_Your instructions_
For every line below, restate it exactly and drop the images.
Data excerpt: Begin
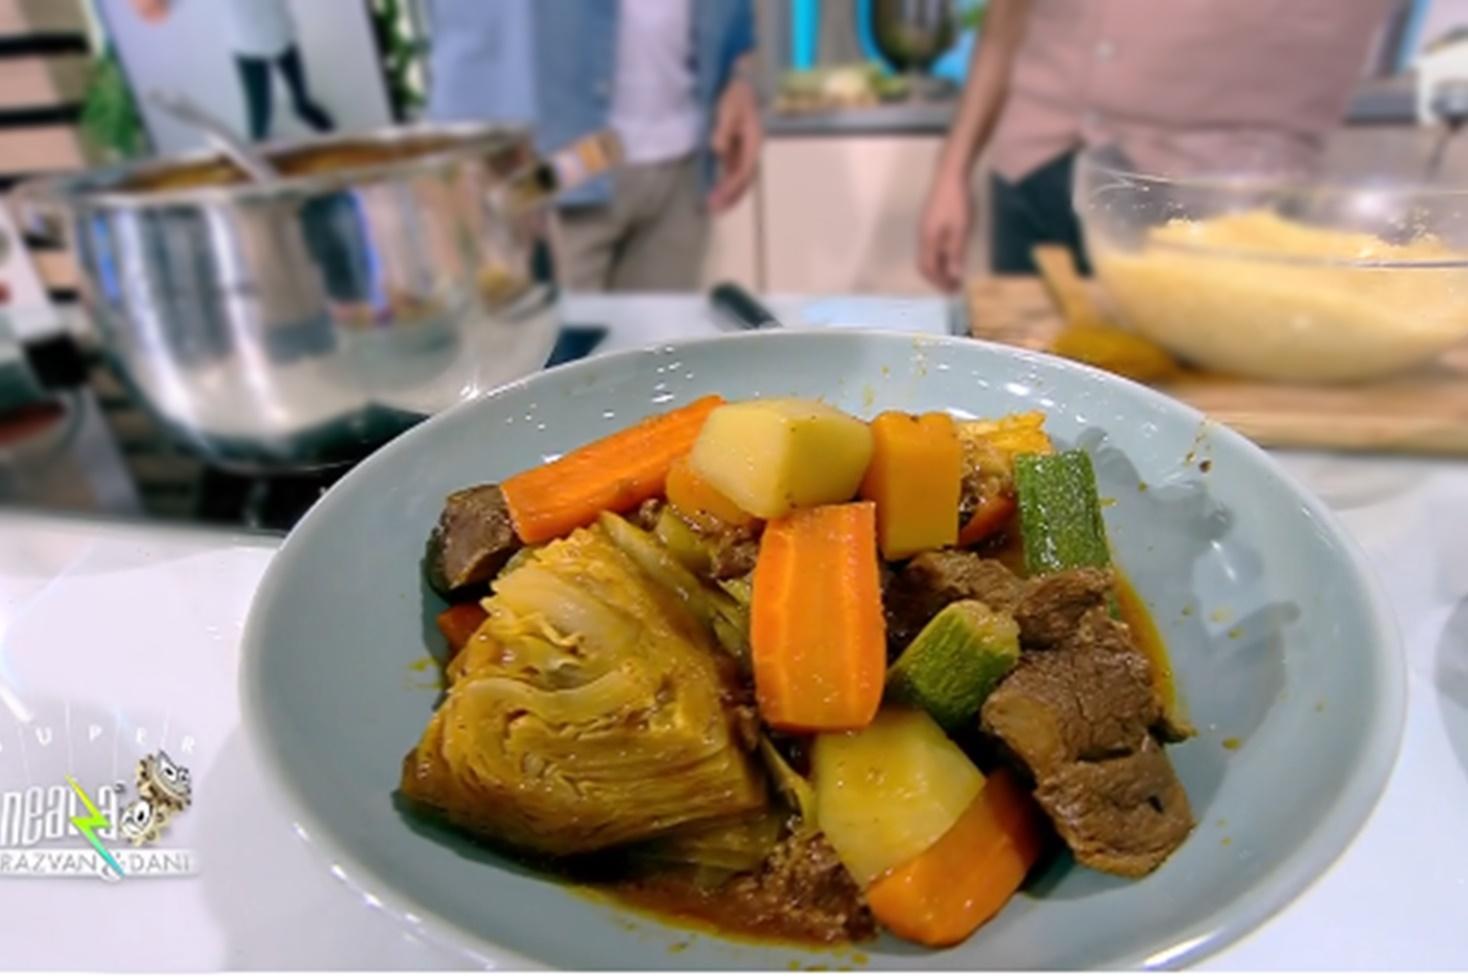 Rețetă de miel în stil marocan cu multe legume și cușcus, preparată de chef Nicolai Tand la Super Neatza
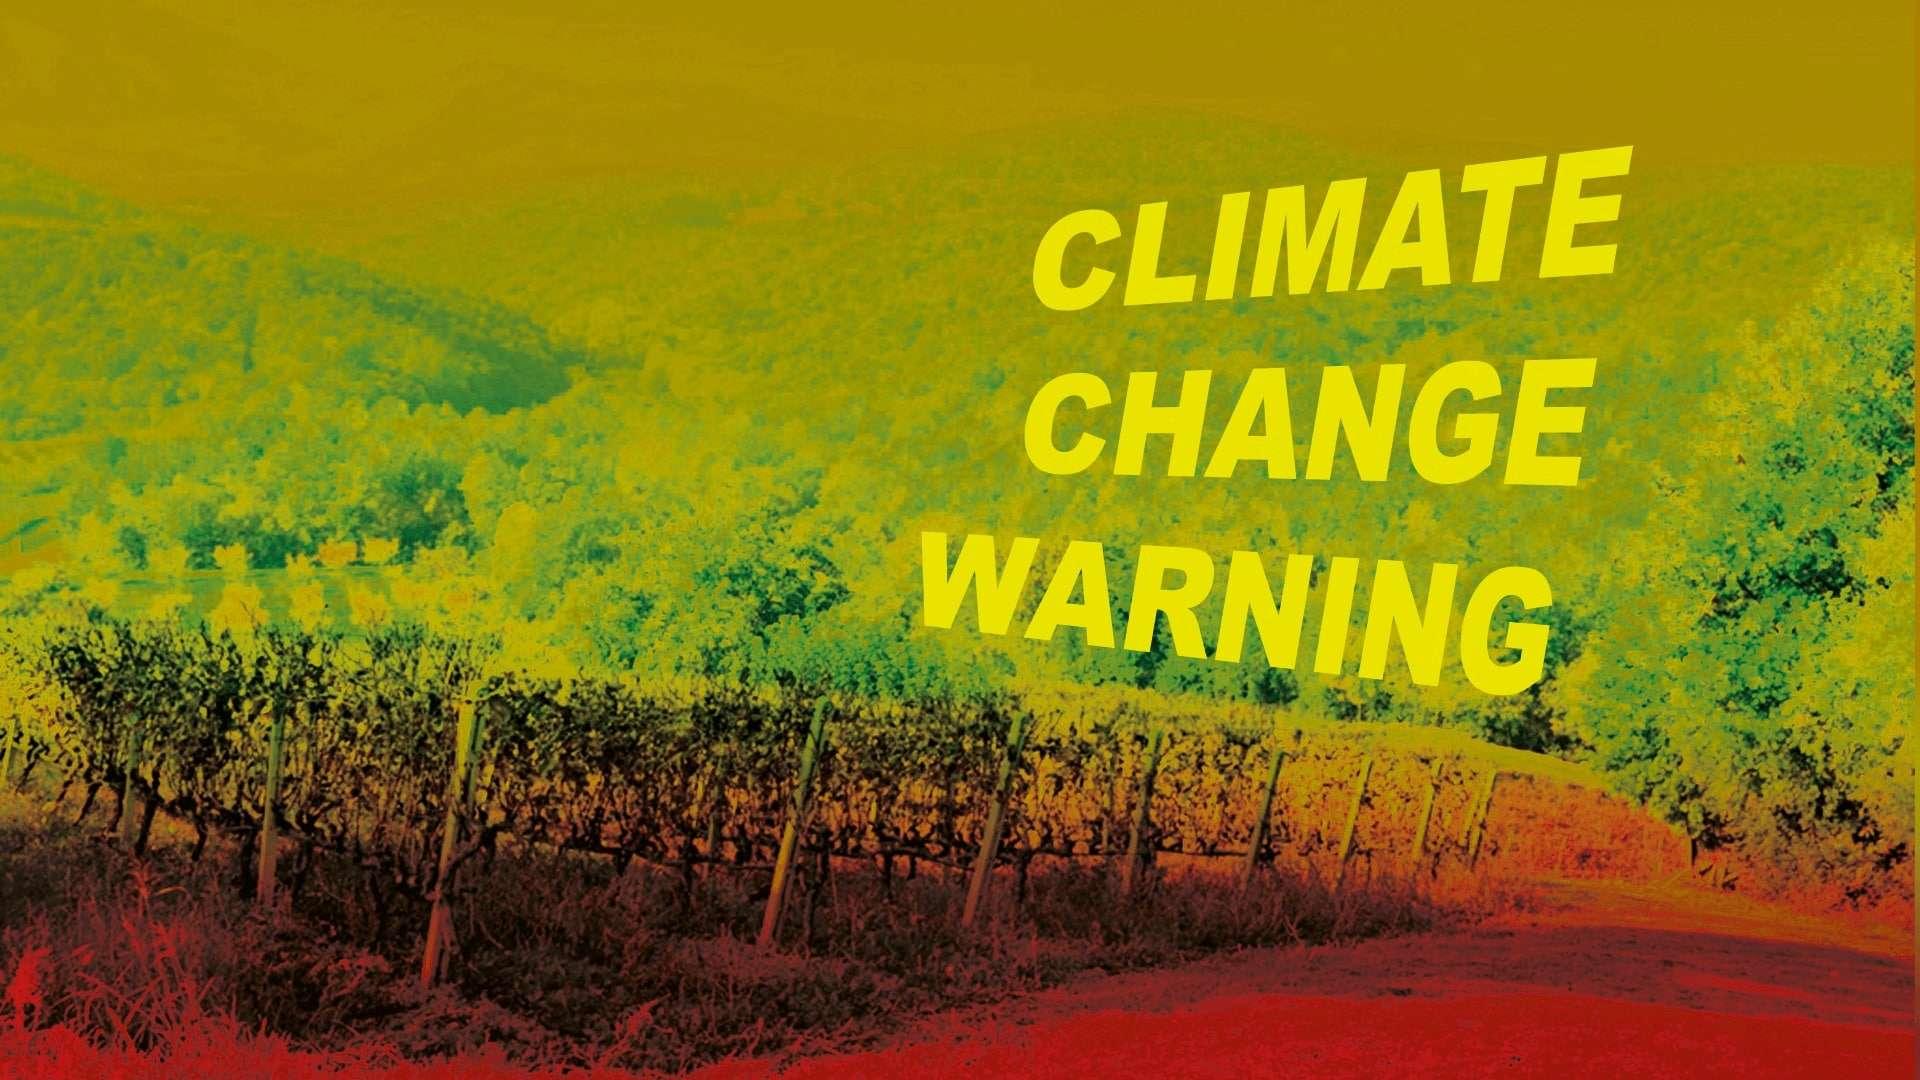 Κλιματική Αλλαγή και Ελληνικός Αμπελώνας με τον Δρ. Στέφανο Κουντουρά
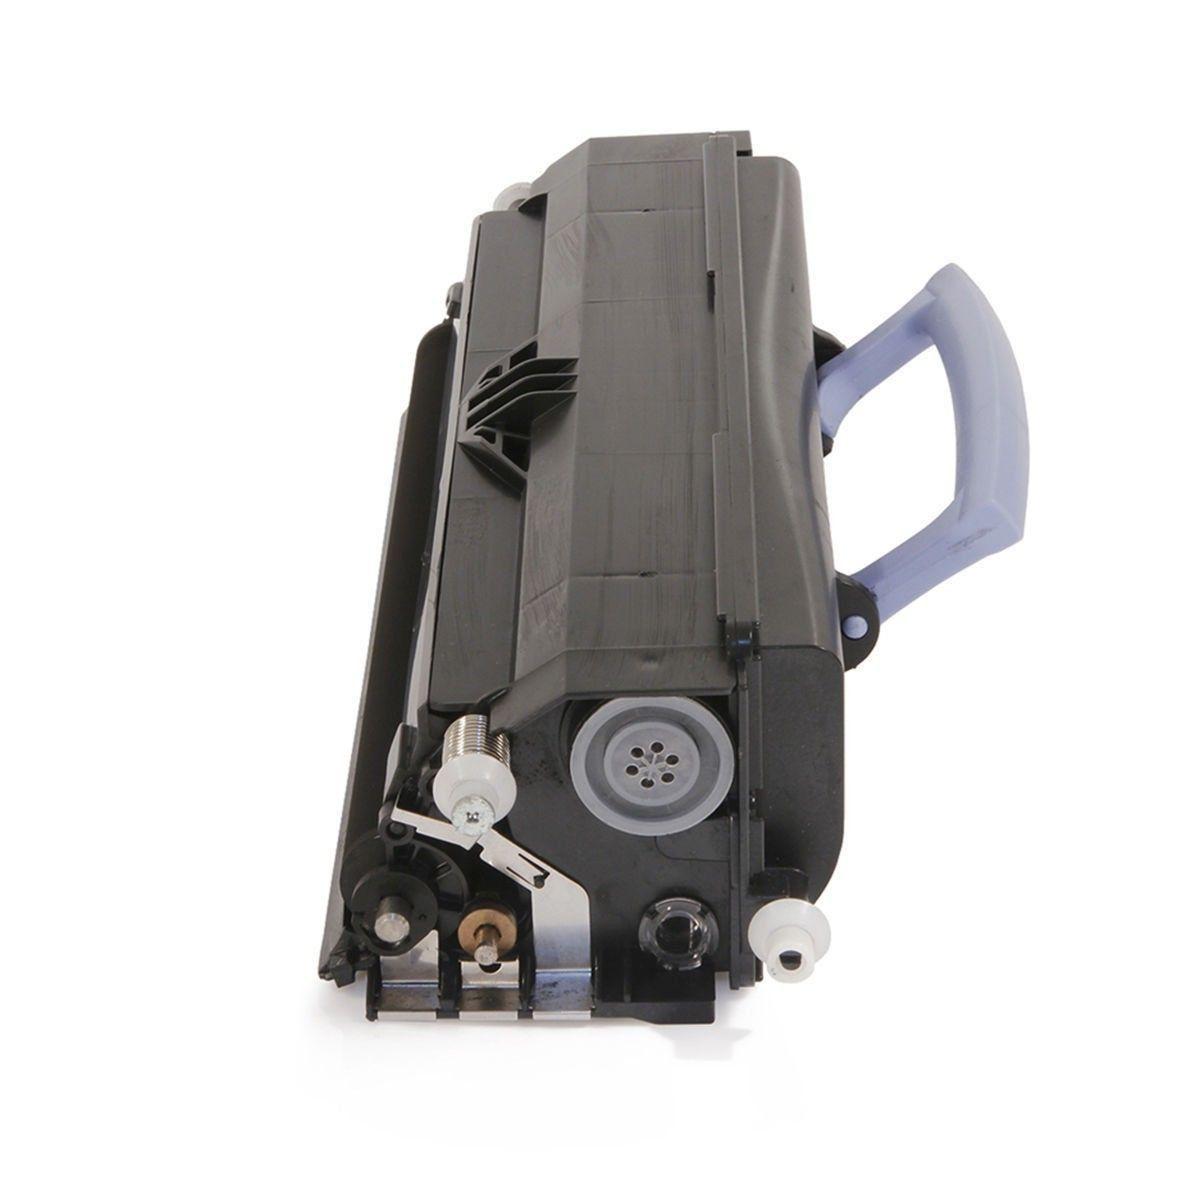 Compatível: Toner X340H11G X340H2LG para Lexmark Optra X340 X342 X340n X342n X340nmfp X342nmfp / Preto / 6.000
Data excerpt: End
_Completed exercise_
 Rețetă de miel în stil marocan cu multe legume și cușcus, preparată de chef Nicolai Tand la Super Neatza
 Κλιματική Αλλαγή και Ελληνικός Αμπελώνας με τον Δρ. Στέφανο Κουντουρά
 Compatível: Toner X340H11G X340H2LG para Lexmark Optra X340 X342 X340n X342n X340nmfp X342nmfp / Preto / 6.000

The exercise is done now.